[DATA Boundary: Start]

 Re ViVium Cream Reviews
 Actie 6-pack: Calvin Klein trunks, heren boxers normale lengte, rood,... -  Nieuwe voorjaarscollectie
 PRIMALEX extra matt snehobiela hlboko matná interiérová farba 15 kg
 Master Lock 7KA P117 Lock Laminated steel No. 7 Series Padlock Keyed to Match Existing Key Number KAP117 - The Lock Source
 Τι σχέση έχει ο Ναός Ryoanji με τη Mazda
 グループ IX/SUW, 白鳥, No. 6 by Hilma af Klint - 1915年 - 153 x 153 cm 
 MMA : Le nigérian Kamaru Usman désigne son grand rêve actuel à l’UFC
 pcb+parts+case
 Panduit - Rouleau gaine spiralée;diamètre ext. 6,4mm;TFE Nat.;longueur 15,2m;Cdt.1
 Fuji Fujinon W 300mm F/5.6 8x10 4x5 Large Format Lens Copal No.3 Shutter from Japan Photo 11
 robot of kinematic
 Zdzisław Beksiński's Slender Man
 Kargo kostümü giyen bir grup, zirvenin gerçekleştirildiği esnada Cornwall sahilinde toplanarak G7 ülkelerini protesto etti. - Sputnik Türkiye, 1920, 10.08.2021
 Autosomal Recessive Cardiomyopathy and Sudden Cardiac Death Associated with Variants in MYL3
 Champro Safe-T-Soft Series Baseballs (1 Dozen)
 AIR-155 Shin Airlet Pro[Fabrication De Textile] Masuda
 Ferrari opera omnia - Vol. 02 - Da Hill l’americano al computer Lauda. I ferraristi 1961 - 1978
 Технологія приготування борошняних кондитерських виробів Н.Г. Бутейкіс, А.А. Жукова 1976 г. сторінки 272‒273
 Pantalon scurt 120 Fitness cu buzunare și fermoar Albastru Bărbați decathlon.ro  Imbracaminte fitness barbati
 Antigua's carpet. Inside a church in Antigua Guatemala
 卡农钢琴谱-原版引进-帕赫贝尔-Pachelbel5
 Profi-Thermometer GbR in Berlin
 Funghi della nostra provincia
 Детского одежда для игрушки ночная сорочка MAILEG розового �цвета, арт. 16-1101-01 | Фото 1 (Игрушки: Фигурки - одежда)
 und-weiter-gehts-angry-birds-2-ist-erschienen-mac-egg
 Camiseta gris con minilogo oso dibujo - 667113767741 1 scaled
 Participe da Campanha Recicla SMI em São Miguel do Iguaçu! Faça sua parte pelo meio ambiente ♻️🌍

[DATA Boundary: End]

For this exercise, please copy exactly the lines of the material above from its first line through the line where "Kargo kostümü giyen" appears.

- **COMPLETED TASK**:
 Re ViVium Cream Reviews
 Actie 6-pack: Calvin Klein trunks, heren boxers normale lengte, rood,... -  Nieuwe voorjaarscollectie
 PRIMALEX extra matt snehobiela hlboko matná interiérová farba 15 kg
 Master Lock 7KA P117 Lock Laminated steel No. 7 Series Padlock Keyed to Match Existing Key Number KAP117 - The Lock Source
 Τι σχέση έχει ο Ναός Ryoanji με τη Mazda
 グループ IX/SUW, 白鳥, No. 6 by Hilma af Klint - 1915年 - 153 x 153 cm 
 MMA : Le nigérian Kamaru Usman désigne son grand rêve actuel à l’UFC
 pcb+parts+case
 Panduit - Rouleau gaine spiralée;diamètre ext. 6,4mm;TFE Nat.;longueur 15,2m;Cdt.1
 Fuji Fujinon W 300mm F/5.6 8x10 4x5 Large Format Lens Copal No.3 Shutter from Japan Photo 11
 robot of kinematic
 Zdzisław Beksiński's Slender Man
 Kargo kostümü giyen bir grup, zirvenin gerçekleştirildiği esnada Cornwall sahilinde toplanarak G7 ülkelerini protesto etti. - Sputnik Türkiye, 1920, 10.08.2021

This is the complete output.